▶
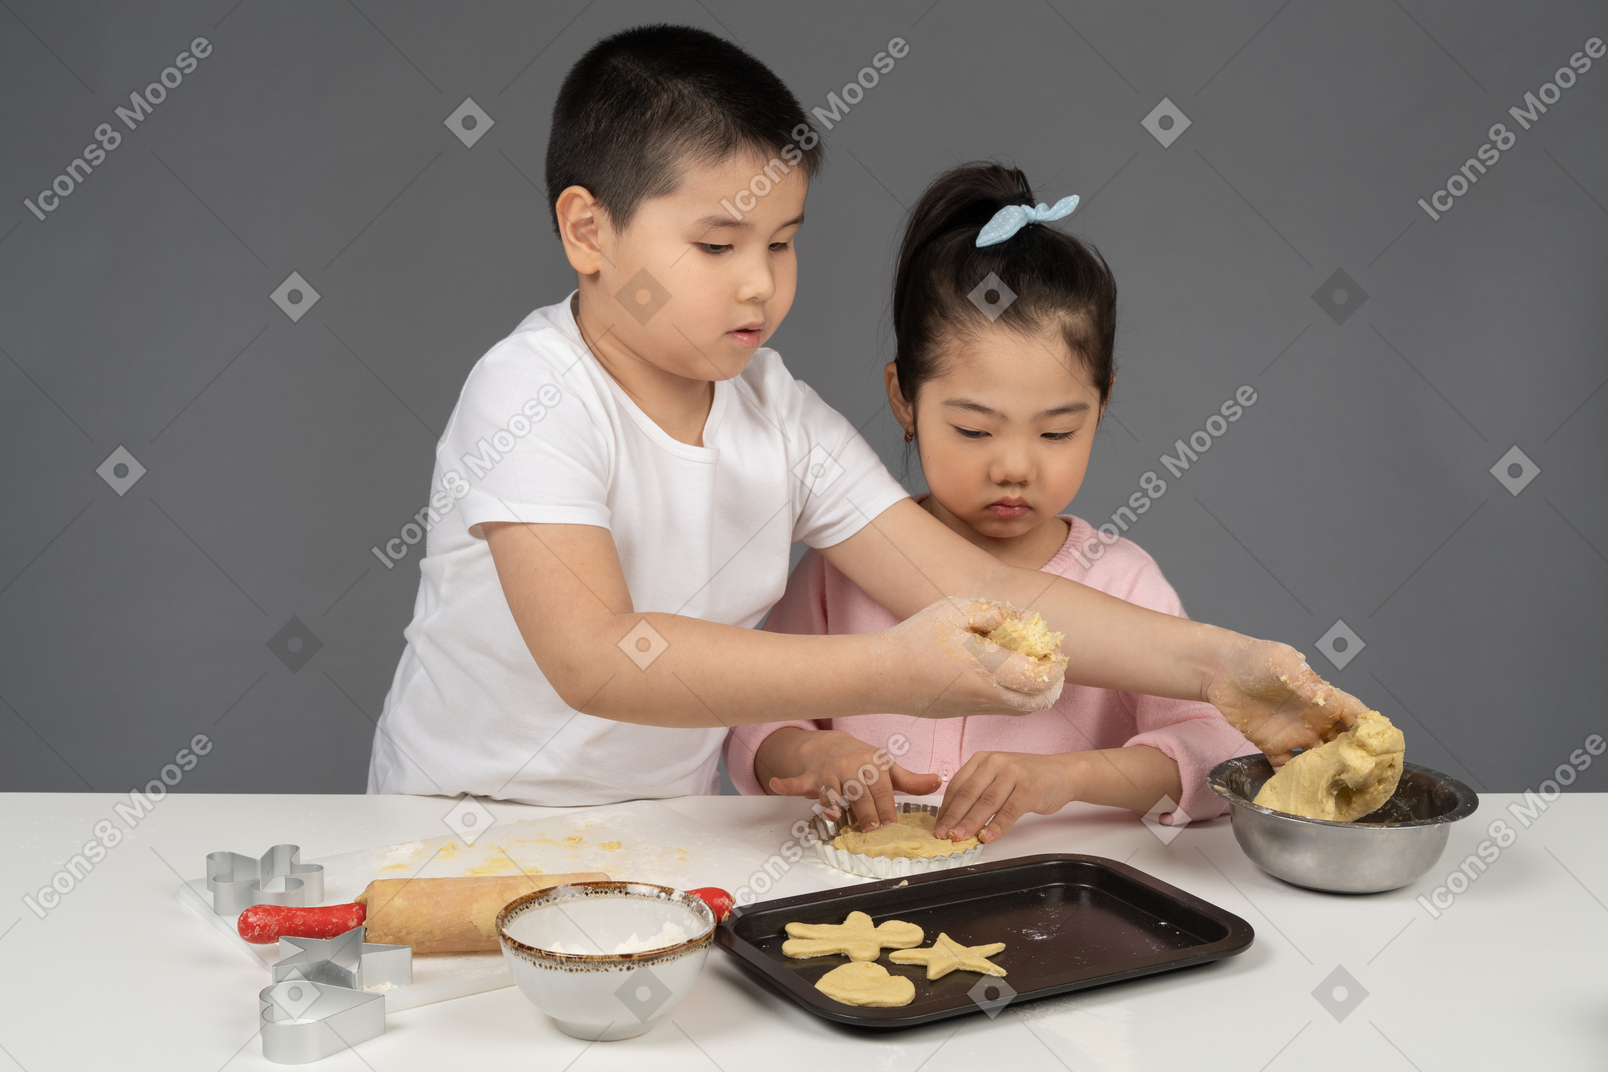 Boy teching his sister to bake cookies
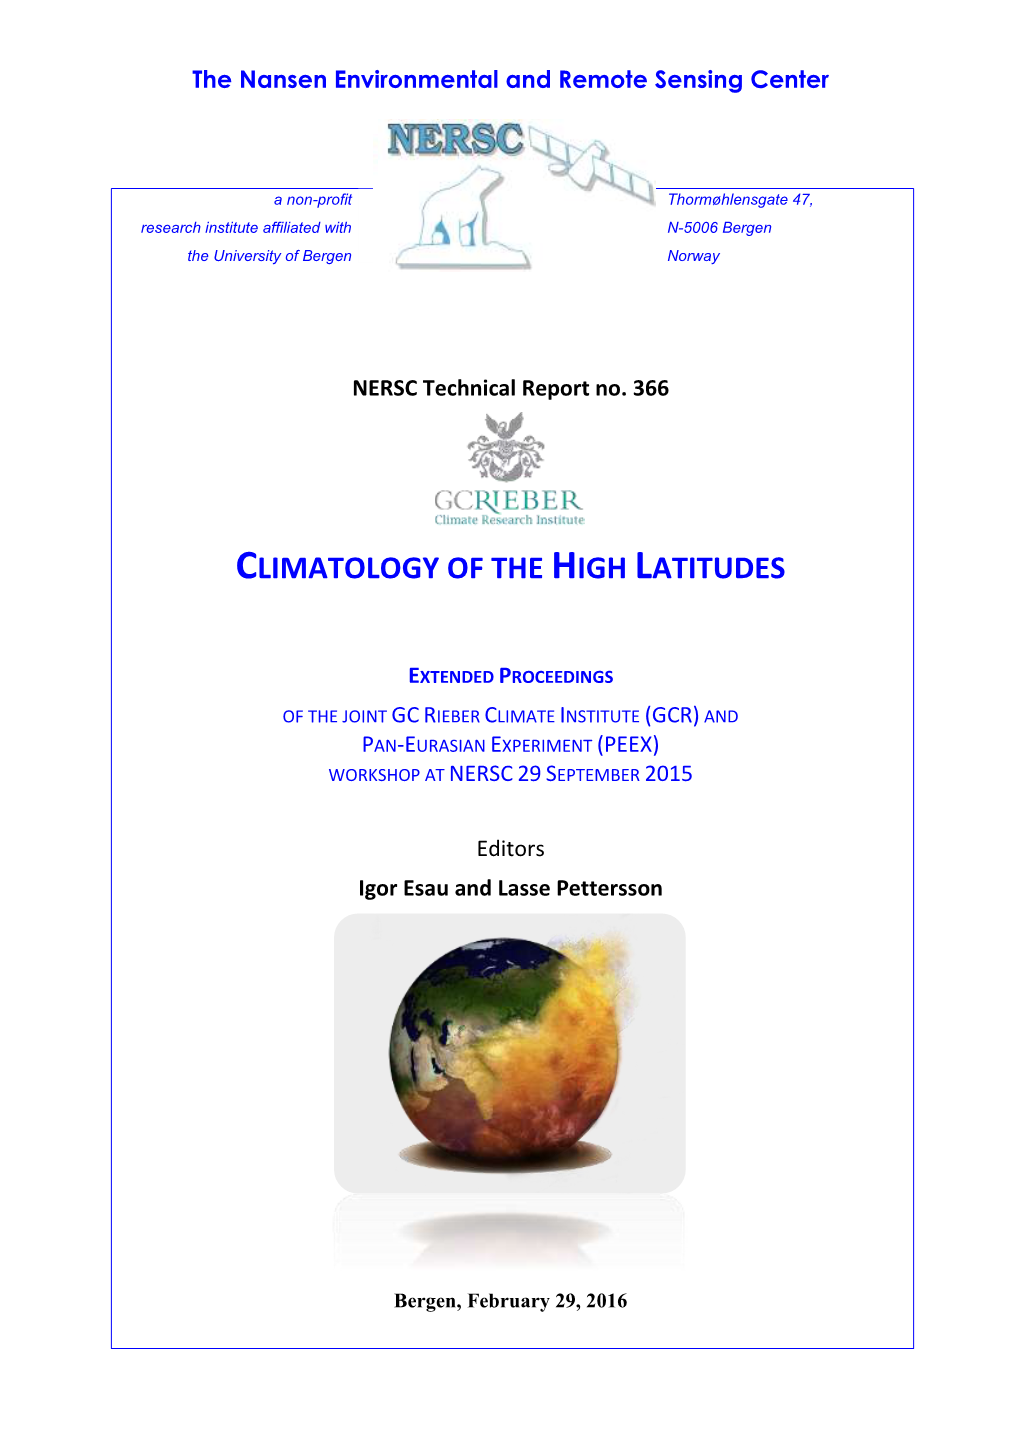 Climatology of the High Latitudes
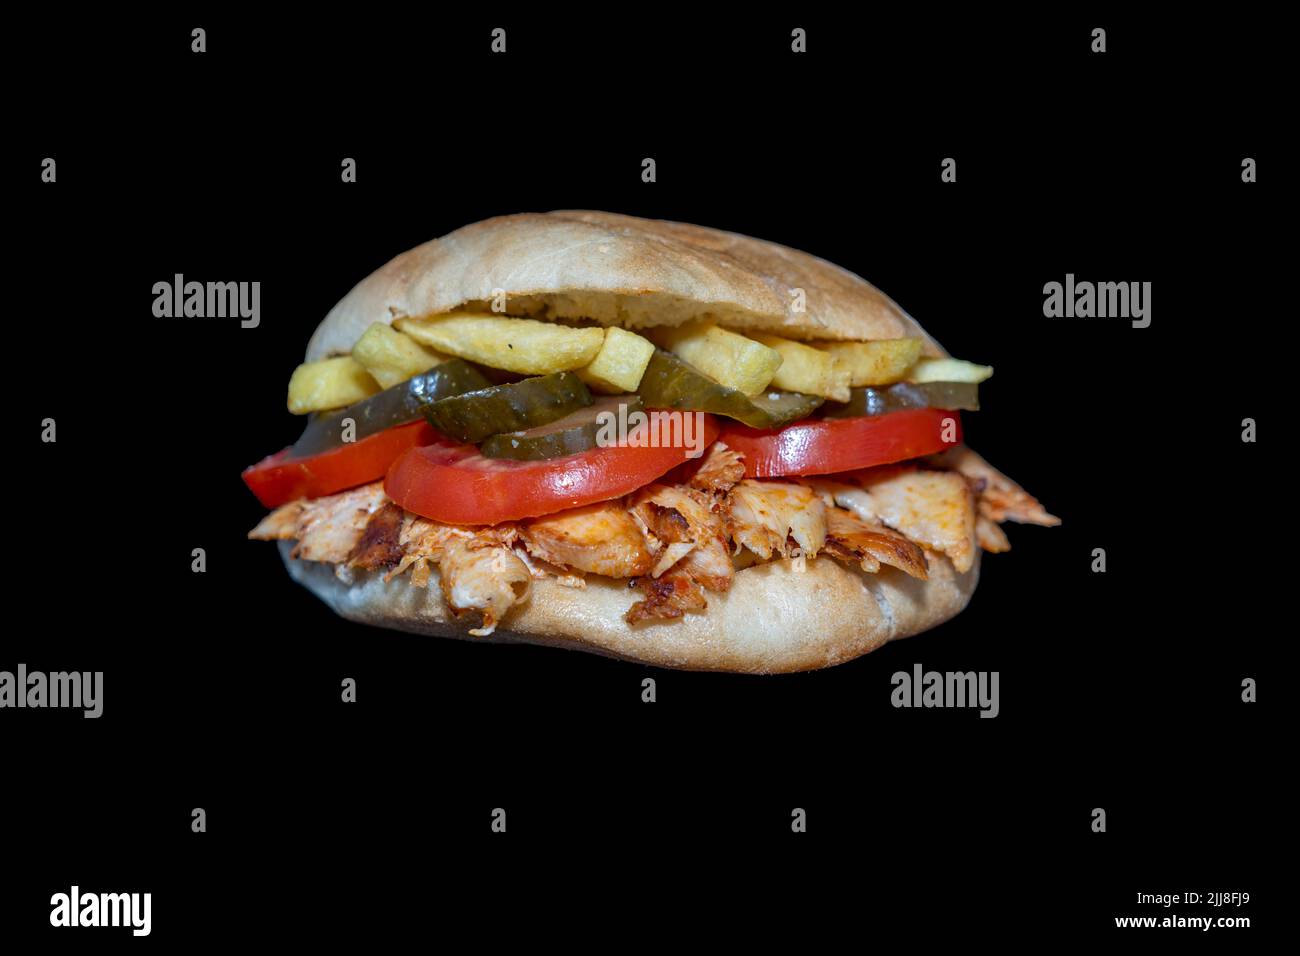 Döner chicken sandwich or Sandviç döner Isoläted. Stock Photo
◀
Exercise:
Copy every line above word for word and exclude the pictures.

The answer:
 Boy teching his sister to bake cookies
 Climatology of the High Latitudes
 Döner chicken sandwich or Sandviç döner Isoläted. Stock Photo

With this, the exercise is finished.